Women's world 100m hurdles record

12.12 Tobi Amusan (NGR) Eugene 24 July 2022

Men's world pole vault record
6.21m Mondo Duplantis (SWE) Eugene 24 July 2022

Women’s world 400m hurdles record
50.68 Sydney McLaughlin (USA) Eugene 22 July 2022
51.41 Sydney McLaughlin (USA) Eugene 25 June 2022

Men’s world U20 100m record
9.94 Letsile Tebogo (BOT) Eugene 15 July 2022

 

The world records set by Tobi Amusan, Mondo Duplantis and Sydney McLaughlin at the World Athletics Championships Oregon22 have been ratified.

Amusan’s 12.12 in the women’s 100m hurdles semifinals, Duplantis’s 6.21m in the men’s pole vault final and McLaughlin’s 50.68 in the women’s 400m hurdles final are all now officially in the record books, as is the world U20 mark of 9.94 set by Letsile Tebogo in the men’s 100m heats.

McLaughlin’s was the first of the senior records to fall at this year's World Athletics Championships, the US 23-year-old obliterating her own previous world record with a time of 50.68. It is the fourth world 400m hurdles record of McLaughlin’s career following her 51.90 at the 2021 US Olympic Trials, 51.46 at the Olympic Games in Tokyo and 51.41 achieved at this year’s US Championships. That 51.41 has also now been ratified.


Since 2019 – in less than three years – the world record has been improved by almost two seconds. The mark of 52.34 had stood for 16 years before USA’s Dalilah Muhammad took it to 52.20 and then 52.16. On 27 June 2021, McLaughlin broke it for the first time.

“The time is absolutely amazing and the sport is getting faster and faster,” said McLaughlin. “Just figuring out what barriers can be broken. I only get faster from here.

“The level in the 400m hurdles is certainly improving. We have a full group of girls that are willing to push our bodies to the next level and we are seeing times drop.”

Two days later, during the final session of the World Athletics Championships, Amusan and Duplantis ensured that the event ended on an incredible high. 

After clocking an African record of 12.40 in the 100m hurdles heats, the world was put on notice that 25-year-old Amusan was capable of something special.

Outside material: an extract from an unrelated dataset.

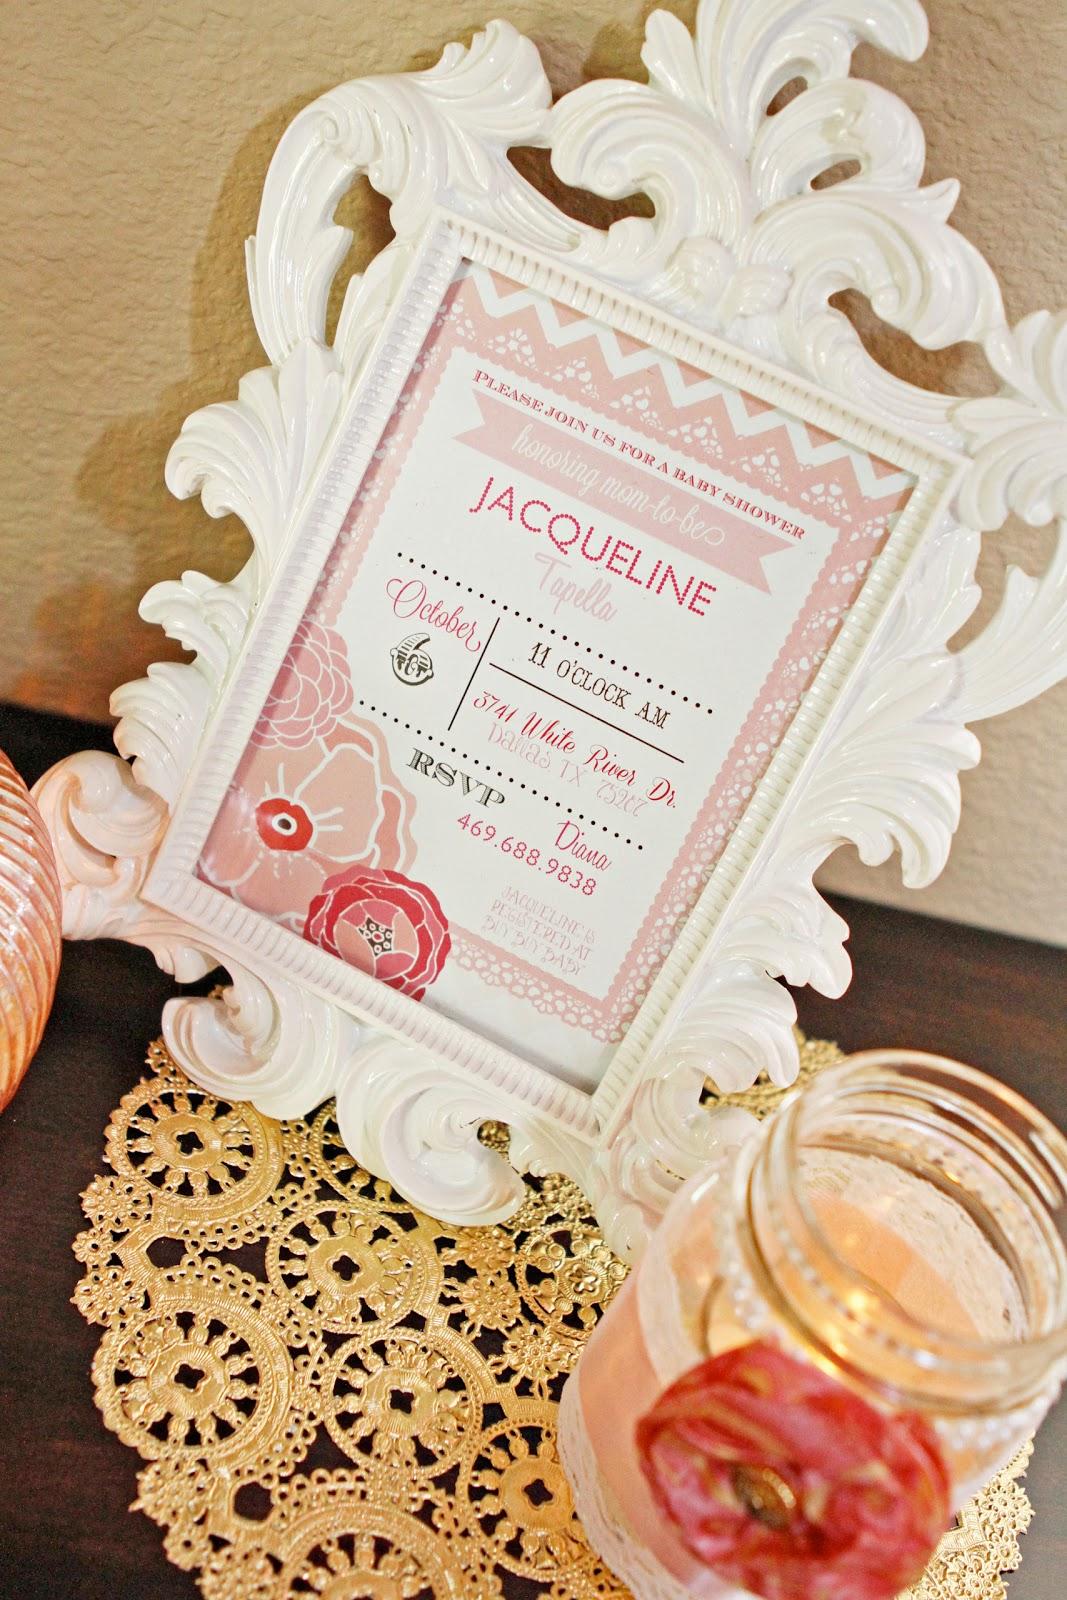 Vintage Baby Shower Decoration Pb J Babes Jacquelines Vintage Tea Party Baby Shower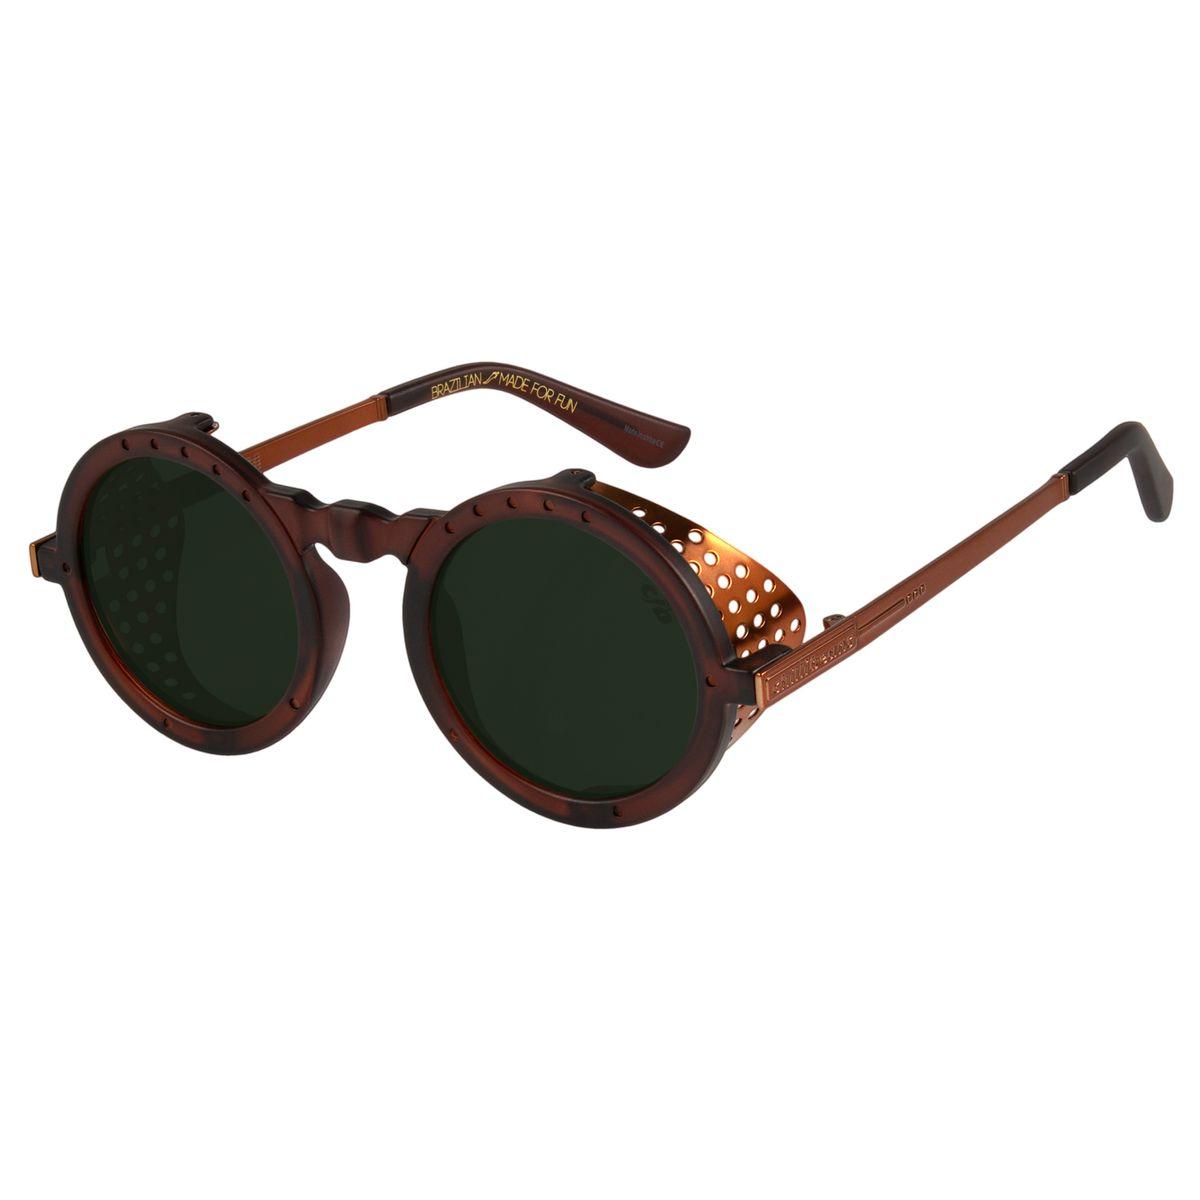 63c1136c9 Óculos de Sol Infantil Alok Marrom 2557 - Chilli Beans

The next day, she ran 12.12 (0.9m/s) in the semifinals to improve the world record of 12.20 that had been set by USA’s Kendra Harrison in London in 2016. Amusan wasn’t done there, though, and she followed that remarkable performance with a wind-assisted 12.06 (2.5m/s) to win the final.


“The goal was to come out and to win this gold,” she said. “Honestly, I believe in my abilities, but I was not expecting a world record at these championships.”

While Amusan might not have been banking on a world record, Duplantis’s development means that there is a certain level of expectation whenever he takes to the runway. He lived up to it again in Oregon. 

Clearing 6.21m on his second attempt, the Swedish 22-year-old improved his own world record by a centimetre. It was the fifth time that Duplantis had broken the global mark, but the first time that he had achieved the feat outdoors. 


Duplantis set his first world record in Torun in February 2020 when he cleared 6.17m and followed that with 6.18m in Glasgow a week later. Then this year, both times in Belgrade, he cleared 6.19m on 7 March and then 6.20m at the World Indoor Championships on 20 March.

The performance in Oregon secured him his first outdoor world title.   

“It is the medal I was missing,” he said. “Usually, it (the world record) is always somewhere in the back of my mind, but today I was focused on the win.”

Meanwhile, another record was broken in Oregon when Botswana’s Tebogo stormed to a time of 9.94 (1.1m/s) to win his 100m heat.


That time has now been ratified as a world U20 record, although the 19-year-old did go even faster at the World Athletics U20 Championships Cali 22 at the start of August, running 9.91 to win gold. That time is awaiting ratification.